=== GOAL OF THE EXERCISE ===
From the entries below, please output exactly the lines starting at the one containing "Juan Luna. Claro" and ending at the one containing "NPL Сделаем Вашу", both included.

=== TASK INPUT ===
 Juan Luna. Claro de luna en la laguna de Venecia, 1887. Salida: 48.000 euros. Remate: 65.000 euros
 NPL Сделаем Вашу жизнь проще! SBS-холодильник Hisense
--
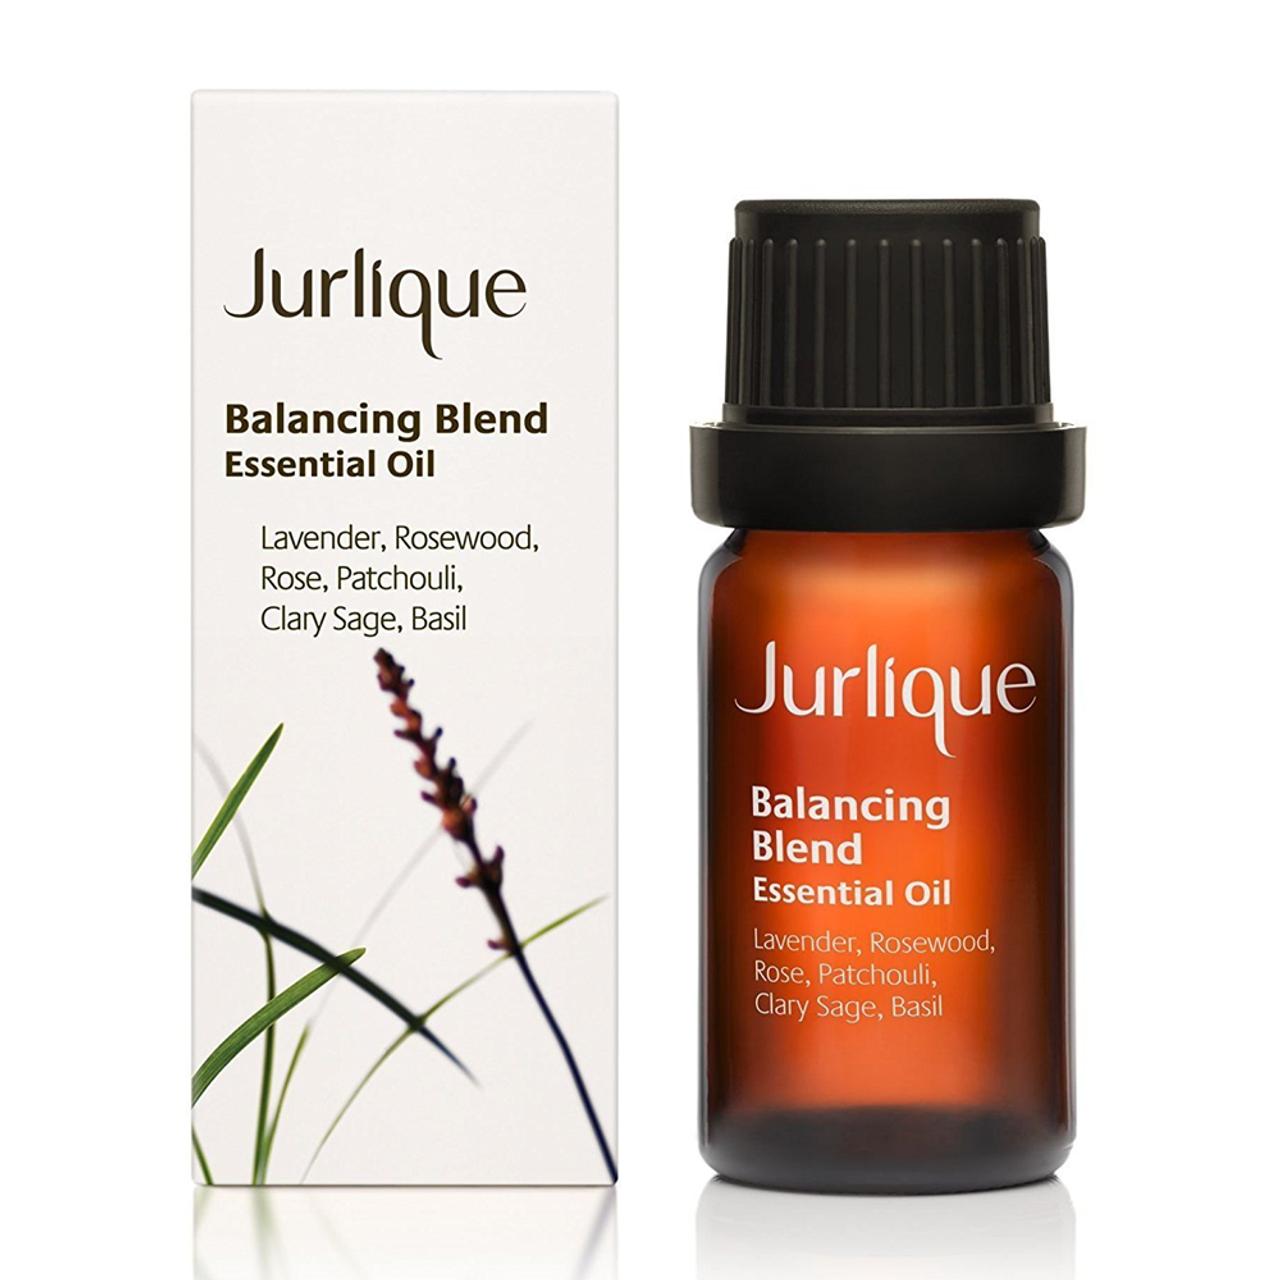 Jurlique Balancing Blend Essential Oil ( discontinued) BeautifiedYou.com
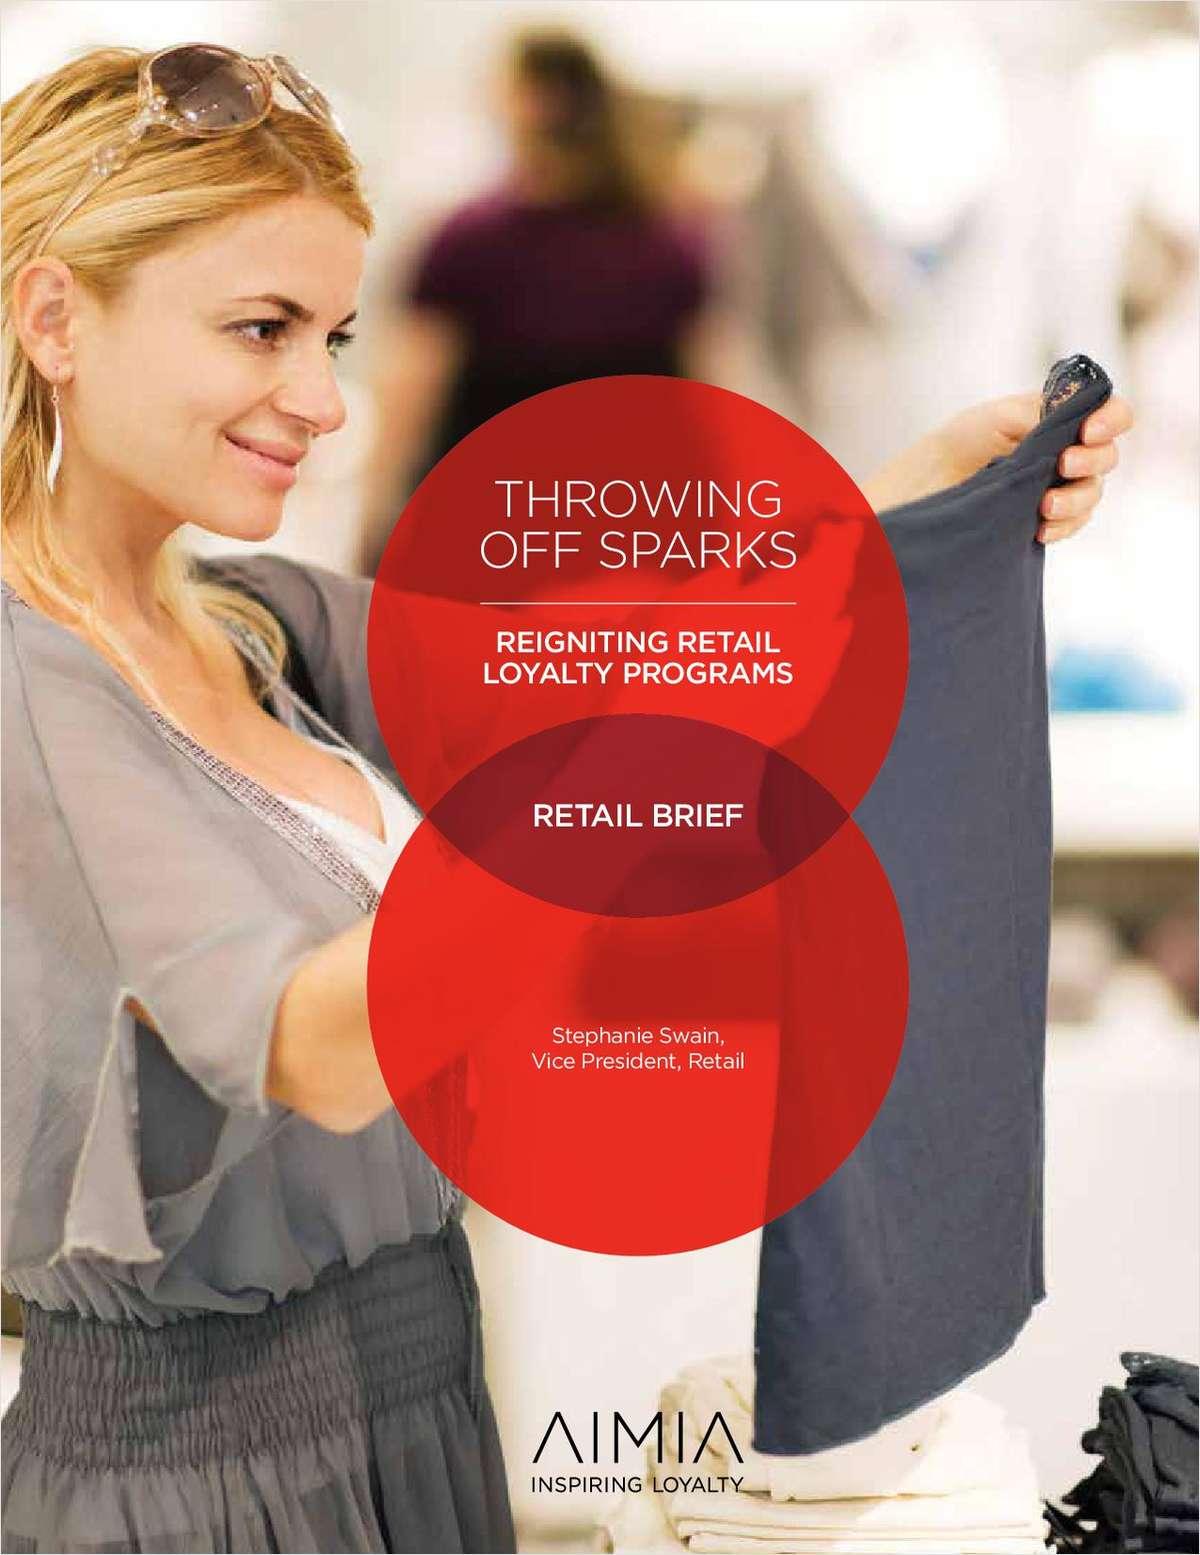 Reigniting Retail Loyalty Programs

=== TASK OUTPUT ===
 Juan Luna. Claro de luna en la laguna de Venecia, 1887. Salida: 48.000 euros. Remate: 65.000 euros
 NPL Сделаем Вашу жизнь проще! SBS-холодильник Hisense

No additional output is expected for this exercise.